# The data
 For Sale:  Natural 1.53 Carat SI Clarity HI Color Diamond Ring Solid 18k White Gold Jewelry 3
--
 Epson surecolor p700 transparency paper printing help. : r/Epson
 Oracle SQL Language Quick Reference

# Assignment
Only the lines above from the one with "Epson surecolor p700" through the one with "Oracle SQL Language Quick Reference" should be duplicated, character for character.

# Answer space
 Epson surecolor p700 transparency paper printing help. : r/Epson
 Oracle SQL Language Quick Reference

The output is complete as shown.